**Action item:** Each line that includes "Vintage" must be copied from the records.
....................
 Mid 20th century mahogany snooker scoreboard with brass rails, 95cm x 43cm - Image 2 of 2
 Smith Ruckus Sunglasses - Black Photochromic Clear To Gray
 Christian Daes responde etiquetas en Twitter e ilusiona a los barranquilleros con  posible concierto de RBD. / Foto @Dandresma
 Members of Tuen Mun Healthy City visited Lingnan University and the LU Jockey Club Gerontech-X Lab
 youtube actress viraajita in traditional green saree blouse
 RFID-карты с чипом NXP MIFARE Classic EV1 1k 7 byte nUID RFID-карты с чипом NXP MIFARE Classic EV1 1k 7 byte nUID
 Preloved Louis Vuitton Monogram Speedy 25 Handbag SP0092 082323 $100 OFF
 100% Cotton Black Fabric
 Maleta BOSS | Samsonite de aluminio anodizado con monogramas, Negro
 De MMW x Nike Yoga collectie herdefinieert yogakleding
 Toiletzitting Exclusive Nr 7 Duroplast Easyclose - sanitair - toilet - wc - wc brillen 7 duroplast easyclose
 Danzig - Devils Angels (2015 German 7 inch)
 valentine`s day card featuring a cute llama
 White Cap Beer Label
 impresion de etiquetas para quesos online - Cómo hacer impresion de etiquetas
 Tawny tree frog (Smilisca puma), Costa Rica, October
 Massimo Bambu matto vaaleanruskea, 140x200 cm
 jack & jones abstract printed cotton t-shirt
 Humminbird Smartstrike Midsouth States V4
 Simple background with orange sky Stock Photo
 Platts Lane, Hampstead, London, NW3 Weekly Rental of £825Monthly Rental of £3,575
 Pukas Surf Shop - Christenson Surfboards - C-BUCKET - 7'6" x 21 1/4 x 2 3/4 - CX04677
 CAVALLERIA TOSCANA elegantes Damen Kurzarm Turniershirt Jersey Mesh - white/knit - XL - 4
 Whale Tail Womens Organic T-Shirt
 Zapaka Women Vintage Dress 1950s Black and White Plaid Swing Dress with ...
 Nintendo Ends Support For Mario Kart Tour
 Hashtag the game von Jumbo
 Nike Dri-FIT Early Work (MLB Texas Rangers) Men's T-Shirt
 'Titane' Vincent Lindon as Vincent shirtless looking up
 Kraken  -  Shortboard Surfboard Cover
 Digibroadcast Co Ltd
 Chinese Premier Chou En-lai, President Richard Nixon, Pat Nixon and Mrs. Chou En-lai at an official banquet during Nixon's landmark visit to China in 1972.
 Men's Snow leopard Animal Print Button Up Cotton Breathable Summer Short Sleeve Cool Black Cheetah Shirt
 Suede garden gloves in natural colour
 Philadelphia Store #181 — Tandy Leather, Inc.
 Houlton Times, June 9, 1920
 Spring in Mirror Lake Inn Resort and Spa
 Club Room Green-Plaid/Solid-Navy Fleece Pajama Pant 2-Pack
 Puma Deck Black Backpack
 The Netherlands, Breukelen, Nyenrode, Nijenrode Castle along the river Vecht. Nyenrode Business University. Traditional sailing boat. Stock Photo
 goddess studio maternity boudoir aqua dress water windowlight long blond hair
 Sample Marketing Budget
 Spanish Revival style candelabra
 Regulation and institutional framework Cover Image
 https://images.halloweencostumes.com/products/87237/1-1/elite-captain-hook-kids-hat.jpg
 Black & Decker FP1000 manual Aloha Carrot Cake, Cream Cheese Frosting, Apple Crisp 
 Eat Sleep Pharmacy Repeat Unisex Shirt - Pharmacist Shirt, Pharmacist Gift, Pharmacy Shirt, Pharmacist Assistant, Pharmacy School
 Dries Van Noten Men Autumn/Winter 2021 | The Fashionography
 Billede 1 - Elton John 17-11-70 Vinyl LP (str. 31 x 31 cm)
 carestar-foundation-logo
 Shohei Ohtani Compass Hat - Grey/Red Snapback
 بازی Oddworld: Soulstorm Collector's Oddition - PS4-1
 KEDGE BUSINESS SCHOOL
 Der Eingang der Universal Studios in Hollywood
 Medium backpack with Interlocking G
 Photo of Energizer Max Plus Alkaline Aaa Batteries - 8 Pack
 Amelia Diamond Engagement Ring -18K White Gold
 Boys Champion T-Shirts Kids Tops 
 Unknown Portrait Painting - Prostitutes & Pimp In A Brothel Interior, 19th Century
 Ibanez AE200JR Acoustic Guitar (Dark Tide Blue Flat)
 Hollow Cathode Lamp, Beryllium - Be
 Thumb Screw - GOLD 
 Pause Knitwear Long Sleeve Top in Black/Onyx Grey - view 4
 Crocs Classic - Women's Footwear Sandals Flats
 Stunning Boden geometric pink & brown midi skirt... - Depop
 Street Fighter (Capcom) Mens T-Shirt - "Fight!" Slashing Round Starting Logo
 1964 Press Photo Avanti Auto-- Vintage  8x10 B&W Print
....................
**Response box:**
 Zapaka Women Vintage Dress 1950s Black and White Plaid Swing Dress with ...
 1964 Press Photo Avanti Auto-- Vintage  8x10 B&W Print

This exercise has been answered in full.